The following script implements the sort-and-search strategy to find the numbers and decrypt the flag.

import bisect
from Crypto.Cipher import AES

def solve_challenge():
    N = 20000
    
    # Generate a list of (value, c, d) tuples
    print("Building list for c^4 + d^4...")
    sums_cd_list = []
    for c in range(1, N):
        for d in range(1, c + 1):
            sums_cd_list.append((c**4 + d**4, c, d))

    # Sort the list by the calculated value
    print("Sorting list... (This will take a moment)")
    sums_cd_list.sort()
    cd_values = [item[0] for item in sums_cd_list]

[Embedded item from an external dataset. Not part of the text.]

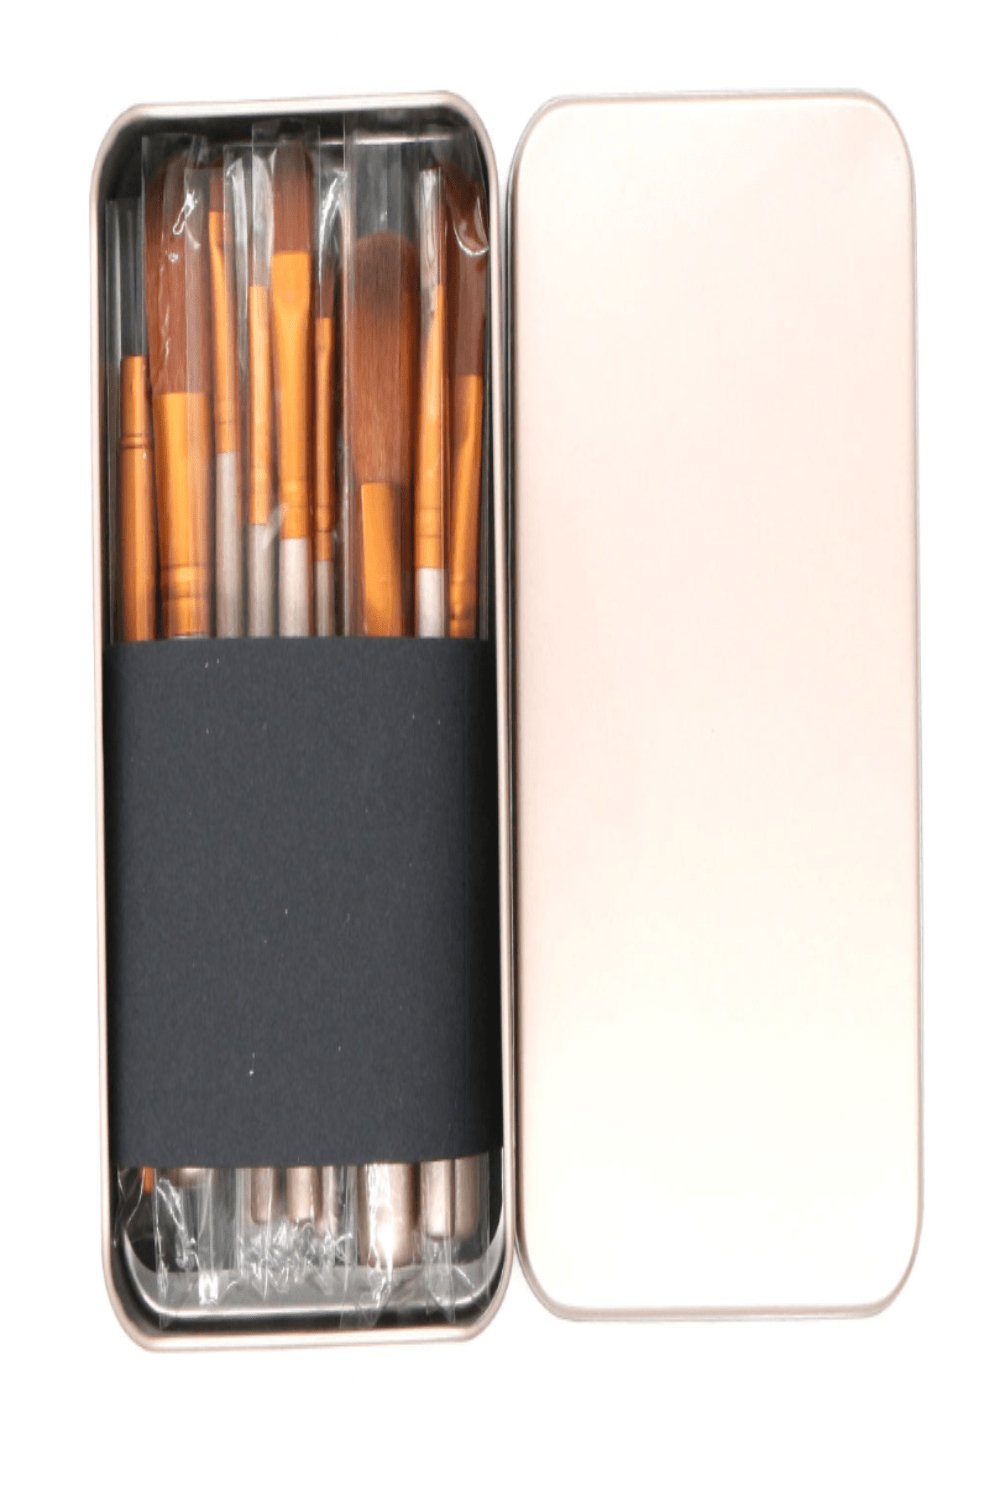 Bamboo Eco Friendly Makeup Brush Set - 12 Pack - TGC Boutique - Makeup Brush Set
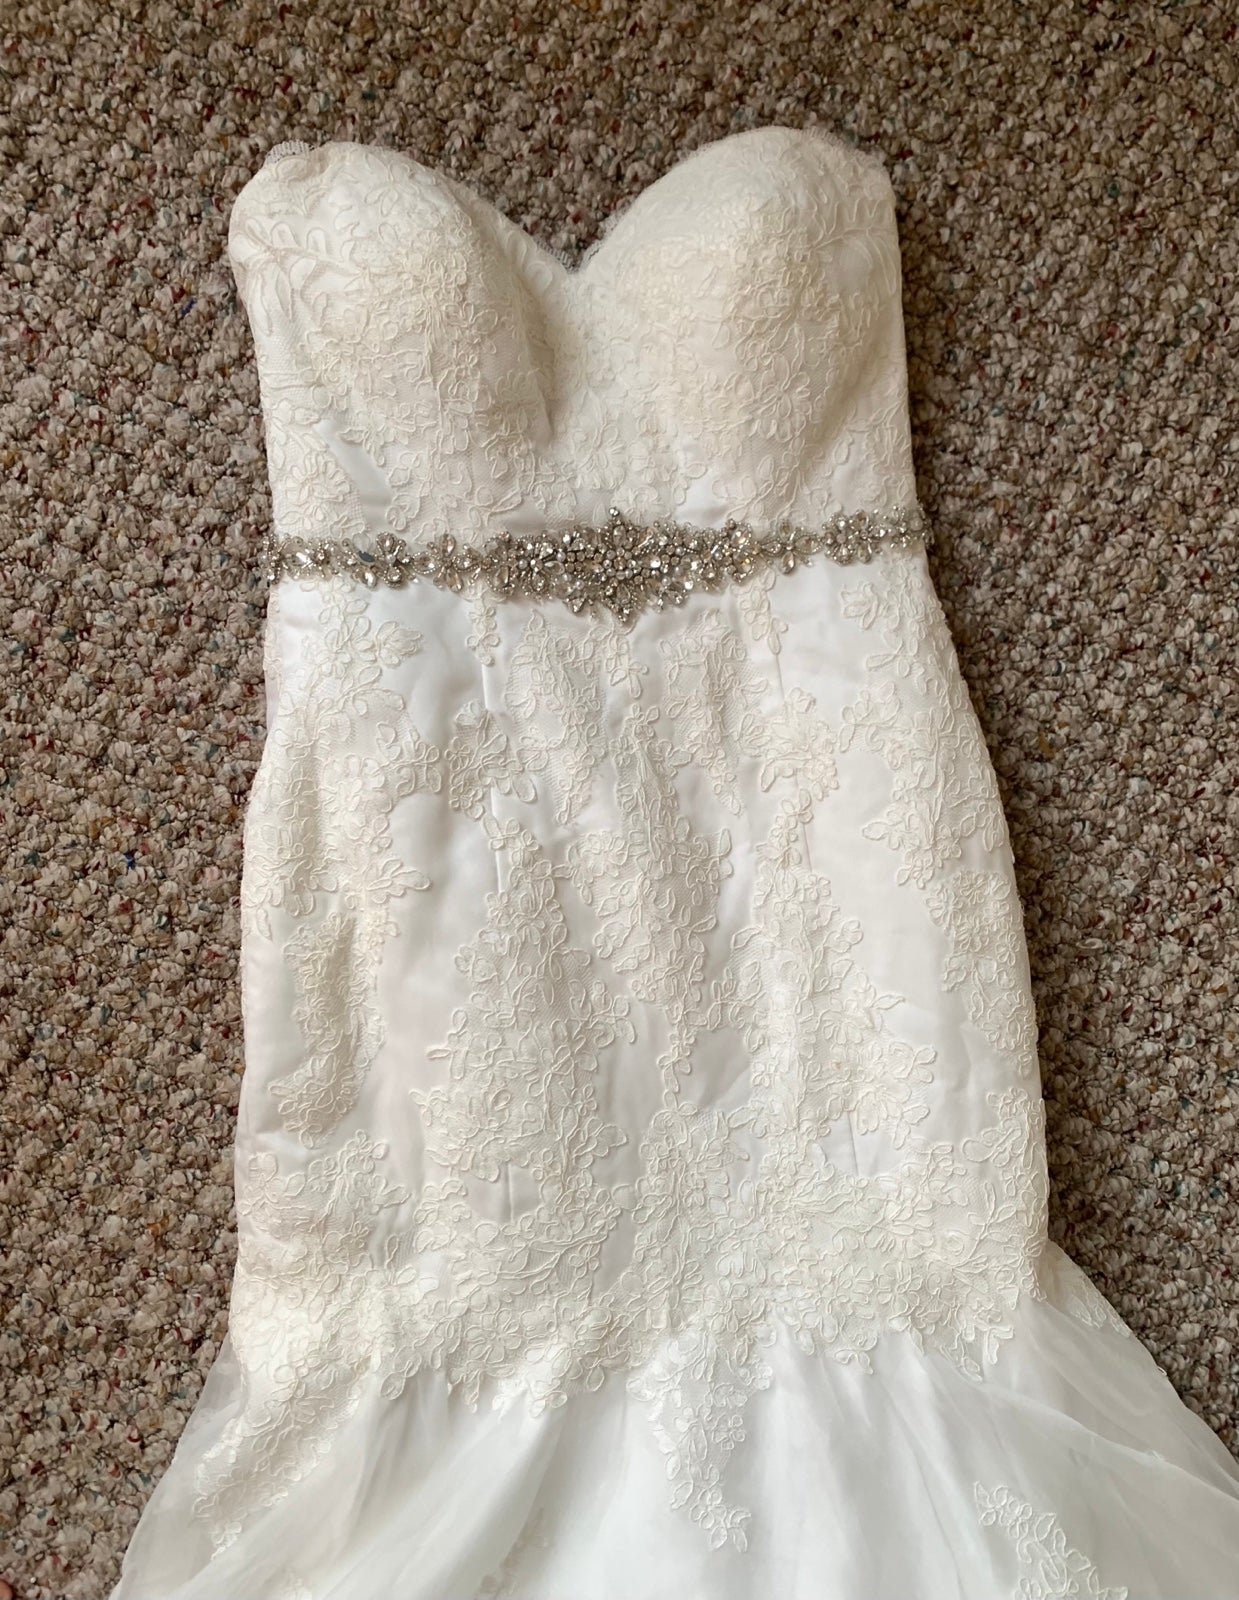 reasonable price soft white lace strapless trumpet wedding dress 4 PETITE iA9tTAZ9P hot sale

    # Iterate through a, b and use binary search to find a match
    print("Searching for solution...")
    solution_found = None
    for a in range(1, N):
        for b in range(1, a + 1):
            target = a**4 + b**4 - 17
            i = bisect.bisect_left(cd_values, target)
            if i < len(cd_values) and cd_values[i] == target:
                _val, c, d = sums_cd_list[i]
                
                # The key must be <= 16 chars long. This is a final check.
                if len(str(a * b * c * d)) <= 16:
                    print(f"\nSolution found! a={a}, b={b}, c={c}, d={d}")
                    solution_found = (a, b, c, d)
                    break
        if solution_found:
            break

    if not solution_found:
        print("\nCould not find a solution.")
        return

    # Decrypt the flag
    a, b, c, d = solution_found
    product = a * b * c * d
    key = f"{product}".zfill(16).encode()
    print(f"Derived AES Key: {key}")

    ciphertext_hex = "41593455378fed8c3bd344827a193bde7ec2044a3f7a3ca6fb77448e9de55155"
    ciphertext = bytes.fromhex(ciphertext_hex)
    
    cipher = AES.new(key, AES.MODE_ECB)
    decrypted_flag = cipher.decrypt(ciphertext)
    
    # Clean up padding and print the flag
    flag = decrypted_flag.decode('utf-8').strip()
    print(f"\nFLAG: {flag}")


if __name__ == '__main__':
    solve_challenge()

Running this script successfully finds the integers, derives the key, and decrypts the ciphertext to reveal the flag. Keep in mind, I still had to close absolutely every unnecessary process on my PC to get enough memory to run this.